Incredible that a line of infinite length encloses a finite region
Congrats my friend. Like the blackboard and working with chalk. You 're a brilliant example for all the teachers...!!
Hubiera apostado la vida a que la integral no convergía, por el parecido de su gráfica con la gráfica de 1/x. Pero no, me equivoqué y efectivamente converge a √6/2•π
Gracias por el ejercicio.
Hello there, great video as always.
just a small mistake that didnt impact the answer.
On the one before last blackboard
I* = sqrt(6) [ lim t->0+ [missing - here] tan-1 sqrt(t/6) + lim t-> inf tan-1 sqrt(t/6)]
sinc lim t->0 tan-1 0 is 0 it doesnt matter if it is + or -
but still.
Also missing a * on the very last line but that is insignificant.
Isn’t there a little mistake when you put back sqrt(6)? Check the signs. But at the end the result doesn’t change
SQRT( number) is always positive.
No yeah you’re right- it was supposed to be a negative when he brought the numbers down, but in the end it didn’t matter since +/- 0 is still 0
That is not what they meant...
@@Tomorrow32
Thank you so much ❤
The tumbnail is wrong tho, great video
Thank you. I fixed it
Amazing!!
I notice that the integrand 3/[(√x)(x+6)] has no roots in the ℝ domain. So the integral is indeed the area under the curve.

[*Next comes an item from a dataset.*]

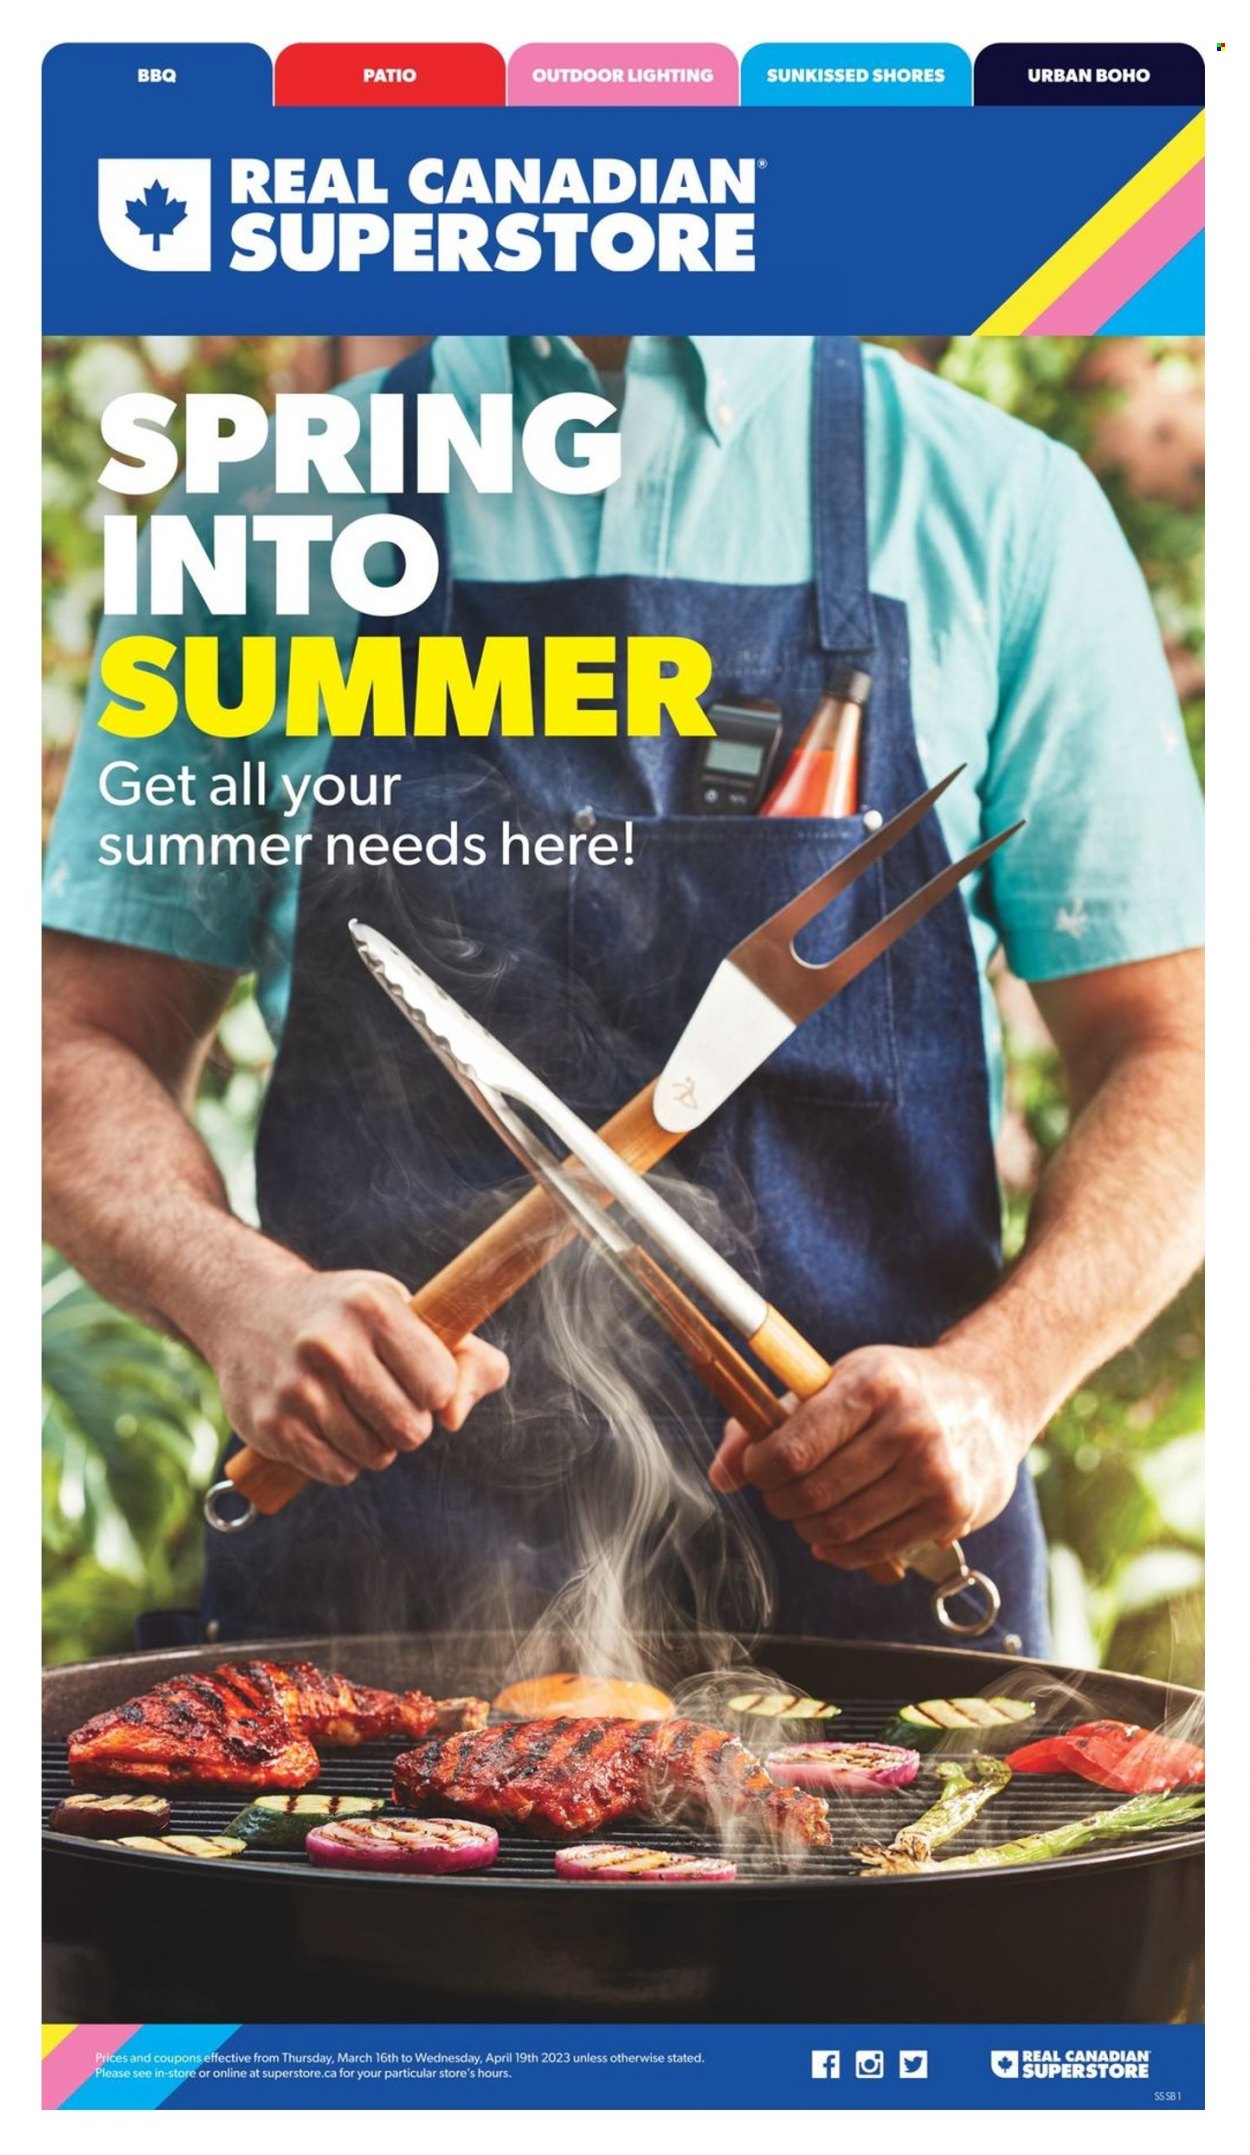 Real Canadian Superstore Flyer - March 16, 2023 - April 19, 2023 - Sales products - bbq, Patio, lighting. Page 1.

You did not mention areas so not an issue here; but if it were the area you were calculating then you would need to check for roots first. (A lot of students forget to do this and just blindly assume the definite integral of a function is equal its area). 😁
Simply Great!!!!
Can i solve the integral by using partial fractions?
Try it.
@@PrimeNewtonsperfect response!
pf's you would get:
(1/2√x) - (√x/(2(x+6))
don't know about the integration though, maybe you could try that and let us know?
@@tomctutor i will end with ln(∞) and my calculator cant find that value
@@alifiras1130 Ok the integral of the _pf_ form as shown is
∫1/2√x .dx - ∫√x/(2 (x + 6)) .dx = [√x] -[√x - √(6) tan^(-1)(√x/√6)] = √(6) tan^(-1)(√x/√6)
then you take _ℓim_ t ->0 part from the _ℓim_ t ->∞ part as in the end of the video to get your answer.
Hello, I dont understand why you substituted with root 6 tan rather than just tan theta, why root 6
Im confused how did the inverse tan turn back to tan
Anyone figured out how to evaluate this integral by parts? I hardly found any luck
WoW what a problem